奥司他韦是一种已获批准用于治疗和预防成人及儿童流感感染和疾病的新型药物。对临床试验项目、一项美国医疗保险数据库研究及上市后监测数据的评估,使得对奥司他韦在1岁以上受试者临床使用中的安全性进行了全面审查。在一项为期5年的研发项目中,对来自北美、欧洲和南半球的11000多名受试者进行了奥司他韦研究,其中包括健康的成年人、约500名老年/高危受试者以及1000多名1至12岁的儿童。安全性评估包括治疗中出现的不良事件、住院和死亡情况,以及血液学和生化实验室安全性检测。数据显示,奥司他韦的药理学特性简单、不复杂,且不存在药物相互作用的可能性。即使在高剂量情况下,包括校正QT间期在内的心电图参数也不受奥司他韦影响。上市后研究证实,短暂的胃肠道不适是奥司他韦的主要不良反应,并且在吃少量点心后服用奥司他韦可减轻这种不适。在临床试验项目中,接受每日两次75mg奥司他韦治疗的受试者中,有1.3%报告了严重不良事件;接受每日两次150mg奥司他韦治疗的受试者中,有0.7%报告了严重不良事件;接受安慰剂治疗的受试者中,有1.2%报告了严重不良事件。在上市后阶段,据估计,迄今为止全球已开出超过400万份奥司他韦处方。

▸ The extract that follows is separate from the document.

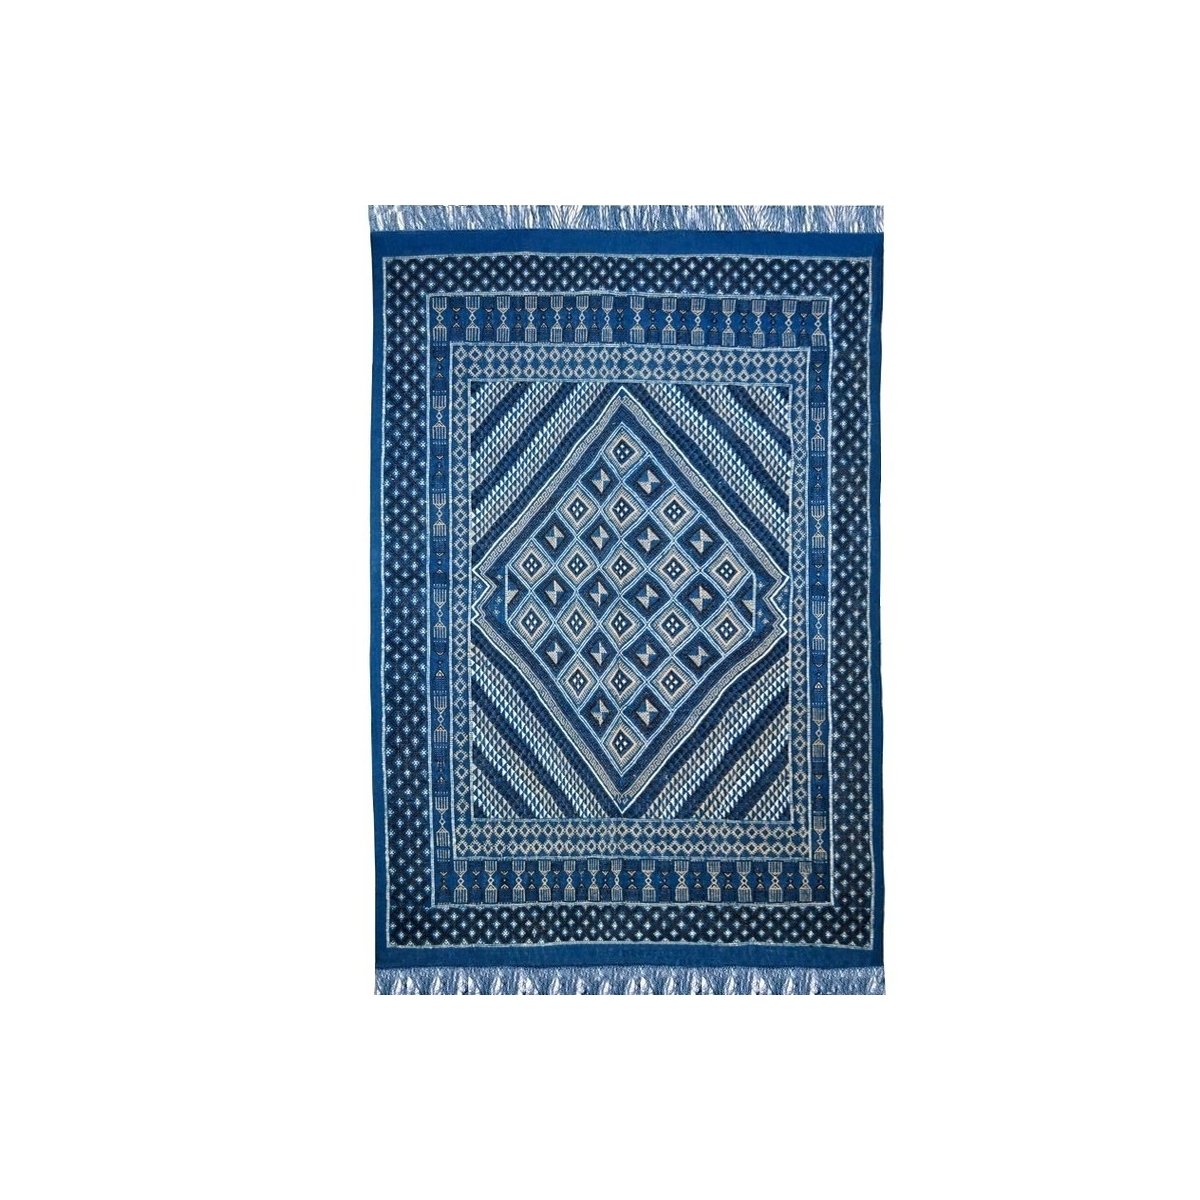 Berber carpet Large Rug Margoum Yamina 165x240 Blue (Handmade, Wool, Tunisia) Tunisian margoum rug from the city of Kairouan. Re

在三个使用季节里,制造商收到了约2300份自发报告。由于这些事件报告不频繁且使用者数量不明,因此无法明确评估所报告事件的因果关系或发生频率。大多数报告涉及胃肠道和皮肤反应。然而,尚未确定皮肤反应与奥司他韦之间存在明确关联。一项对保险记录的大型研究,该研究能够评估在开具奥司他韦常规处方后的一个月内所治疗医疗事件的相对风险,结果显示,与未接受奥司他韦治疗的患者相比,接受奥司他韦治疗的患者发生心脏、神经精神或呼吸事件的风险没有增加。总之,尚未出现可能限制奥司他韦在所有患者群体中用于治疗和预防流感适用性的重大安全问题。